## Exercise data
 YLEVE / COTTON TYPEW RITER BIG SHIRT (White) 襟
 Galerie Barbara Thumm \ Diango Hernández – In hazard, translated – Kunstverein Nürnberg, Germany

--

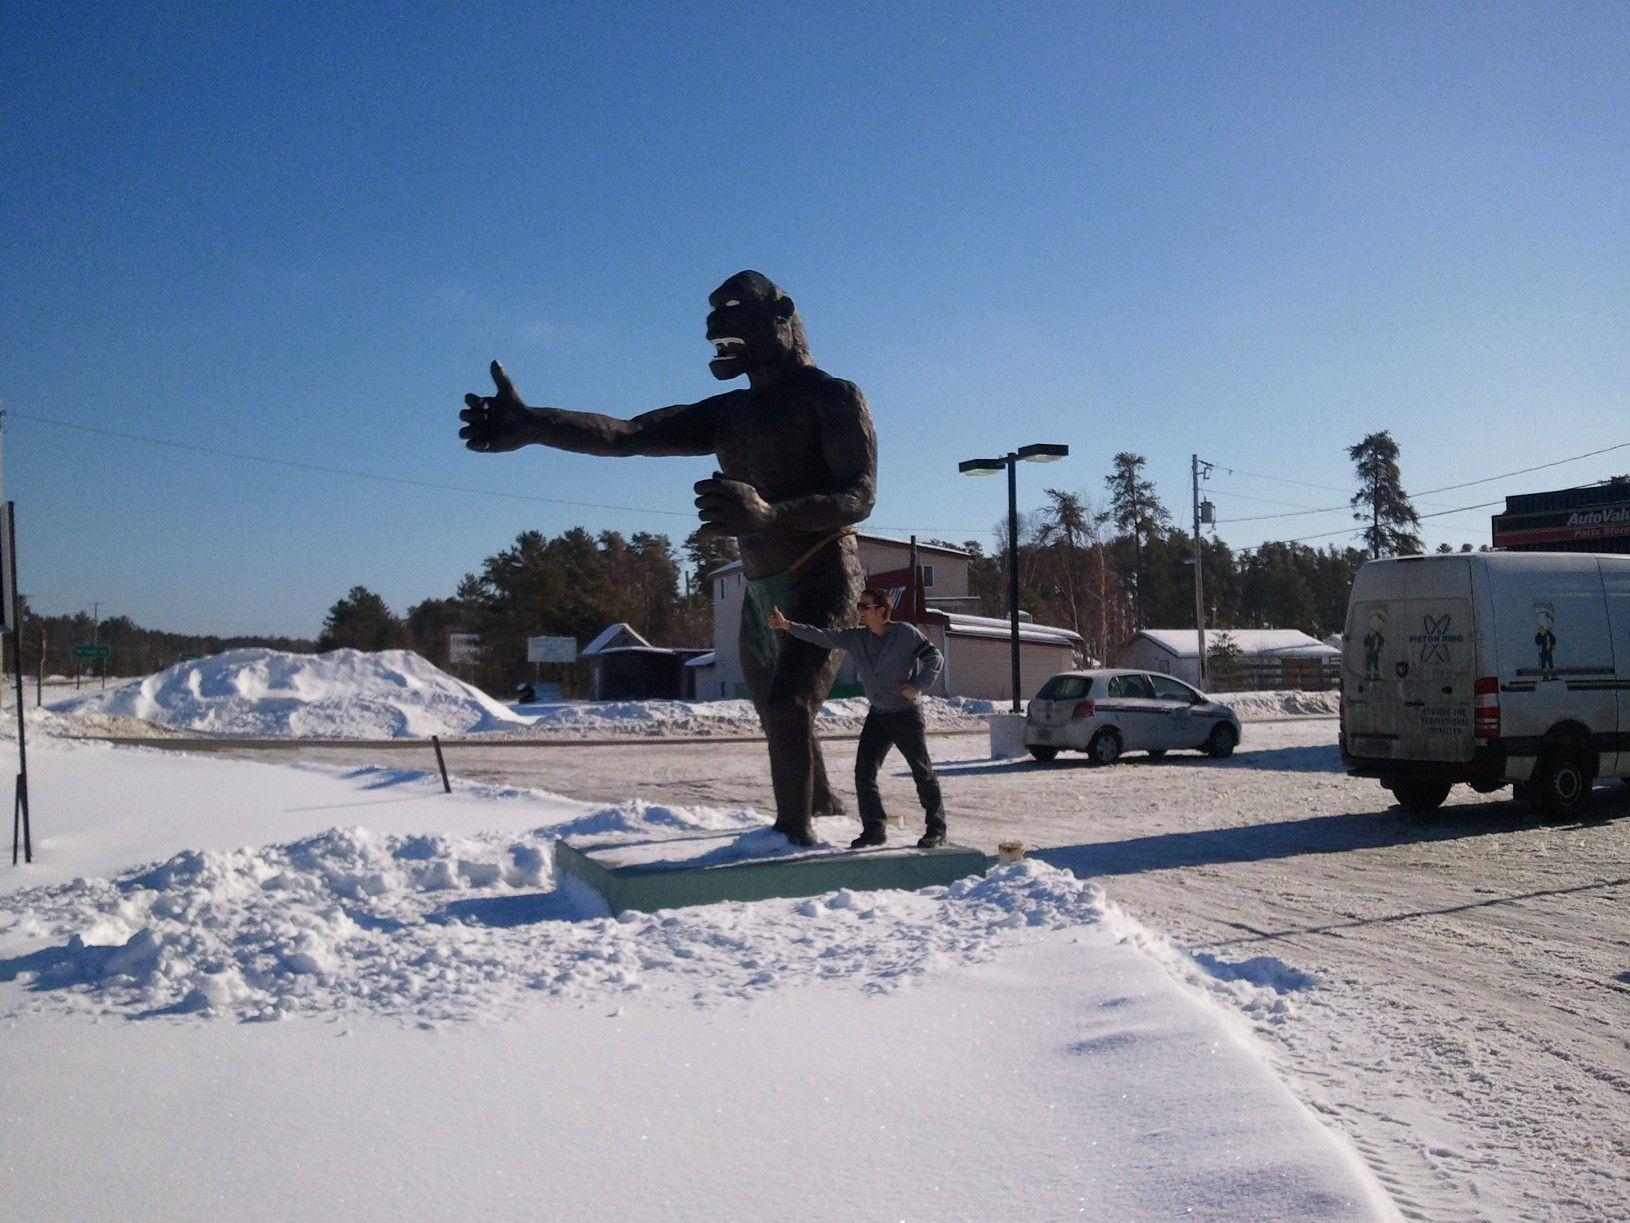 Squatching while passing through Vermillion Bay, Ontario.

==

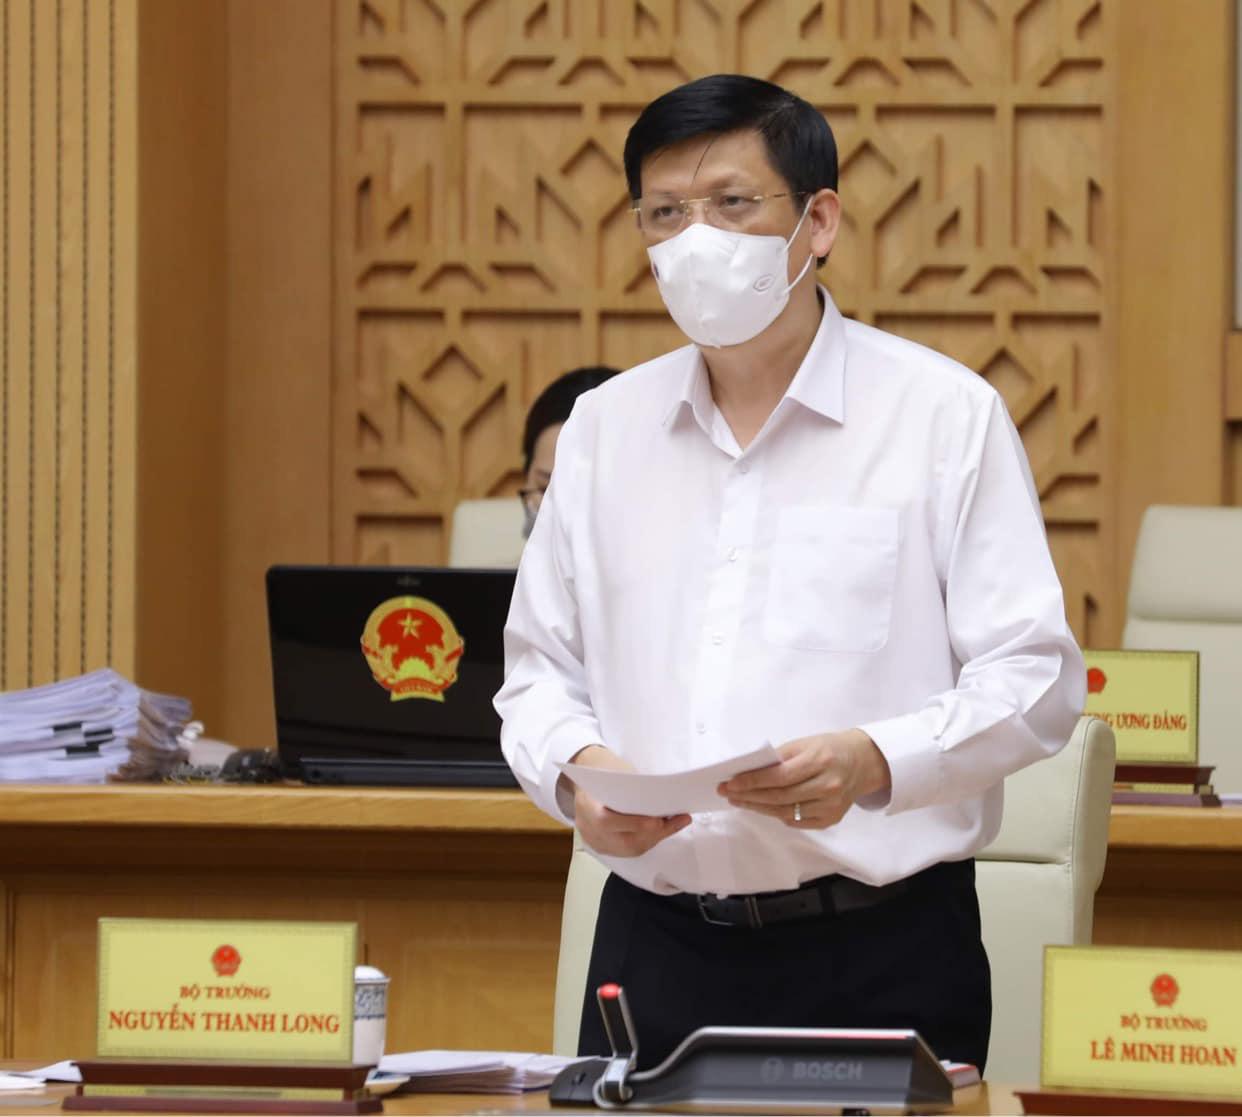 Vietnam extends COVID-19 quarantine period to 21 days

## Task brief
Write out only the lines that run from the line containing "YLEVE / COTTON" through the line containing "Galerie Barbara Thumm", both included, exactly as they appear above.

## Output of the task
 YLEVE / COTTON TYPEW RITER BIG SHIRT (White) 襟
 Galerie Barbara Thumm \ Diango Hernández – In hazard, translated – Kunstverein Nürnberg, Germany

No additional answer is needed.